The group's leadership has been making recent efforts to moderate its image and distance itself from neo-Nazi factions which have attended its rallies. After previously refusing to speak with the press, Bachmann and Oertel held a press conference on Monday where they denied that they were racist and said most of their supporters were ordinary people angry at the political establishment.
Meanwhile, a march staged by the organization's Leipzig-based branch on Wednesday night attracted 15,000 supporters, and more than 20,000 anti-racist counter demonstrators.
Demonstrators from the group LEGIDA, Leipzig's off-shoot of the anti-Islam PEGIDA movement, were confronted by a man with a rainbow flag at their demonstration in the city on Wednesday.
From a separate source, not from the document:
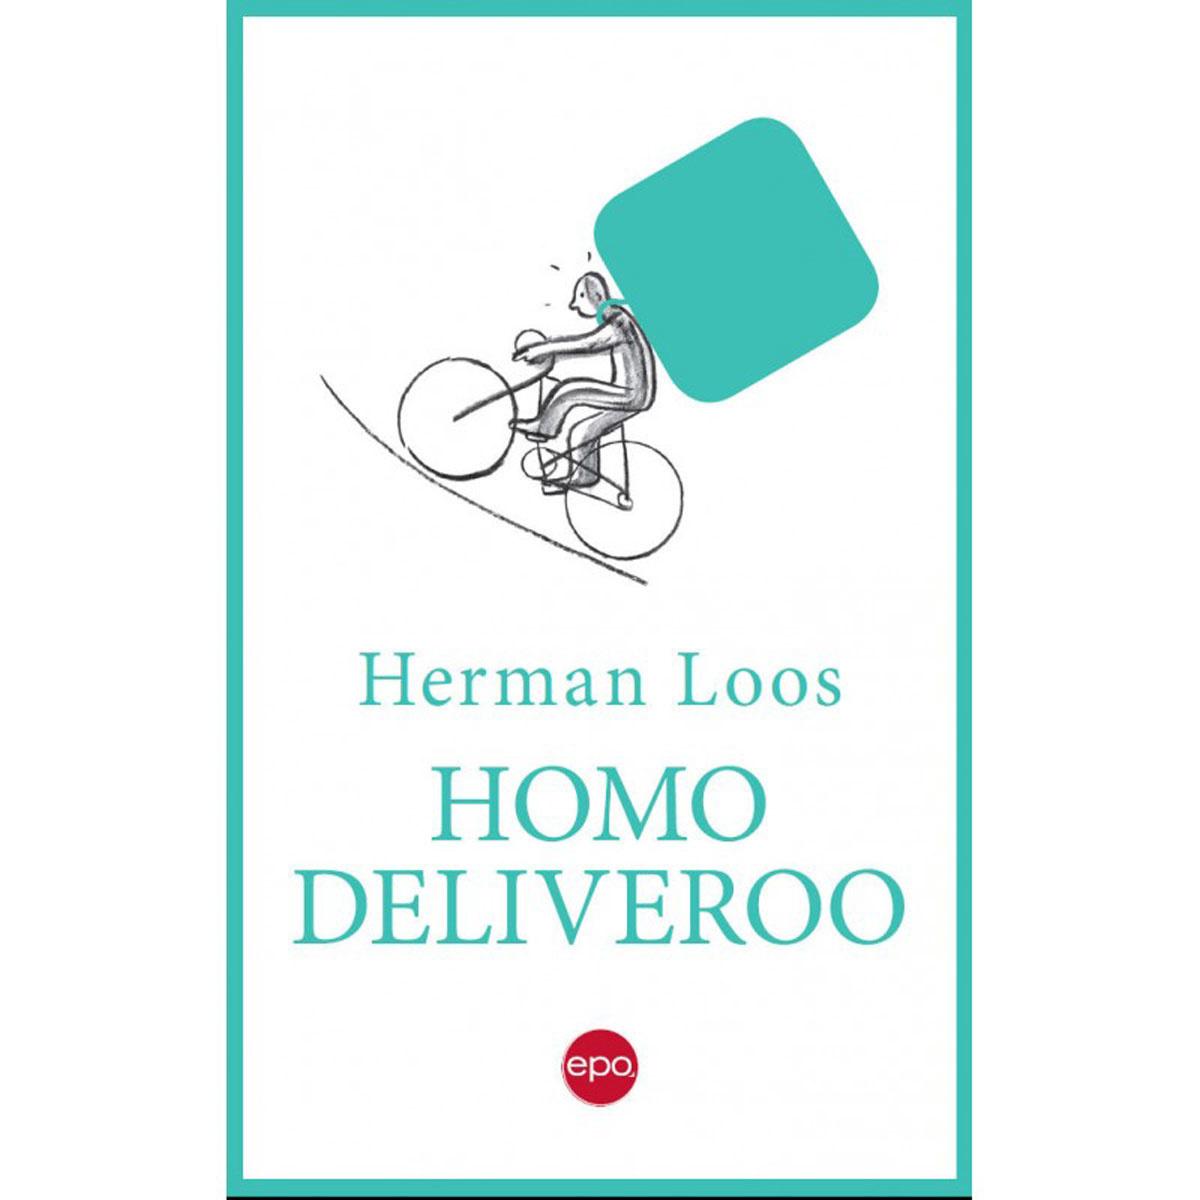 'Een jaar lang ondervond auteur Herman Loos als maaltijdkoerier van Deliveroo wat het betekent zelfstandige te zijn zonder autonomie'

Footage shows him being removed by police.
Police shut down the city center to traffic and bussed in 4,000 officers from across the country to prevent the two sides clashing, local authorities said.
Organizers had previously predicted a turnout of 40,000, however — the attendance was expected to be boosted after a PEGIDA march scheduled for Tuesday was cancelled due to fears of an assassination attempt on Bachmann.
PEGIDA burst onto the German political landscape in late 2014 and holds regular anti-immigration marches that attract thousands in Dresden.
German lawmakers, including Chancellor Angela Merkel have condemned the group, and President Joachim Gauck recently said "polarisation" could damage the country's social bonds.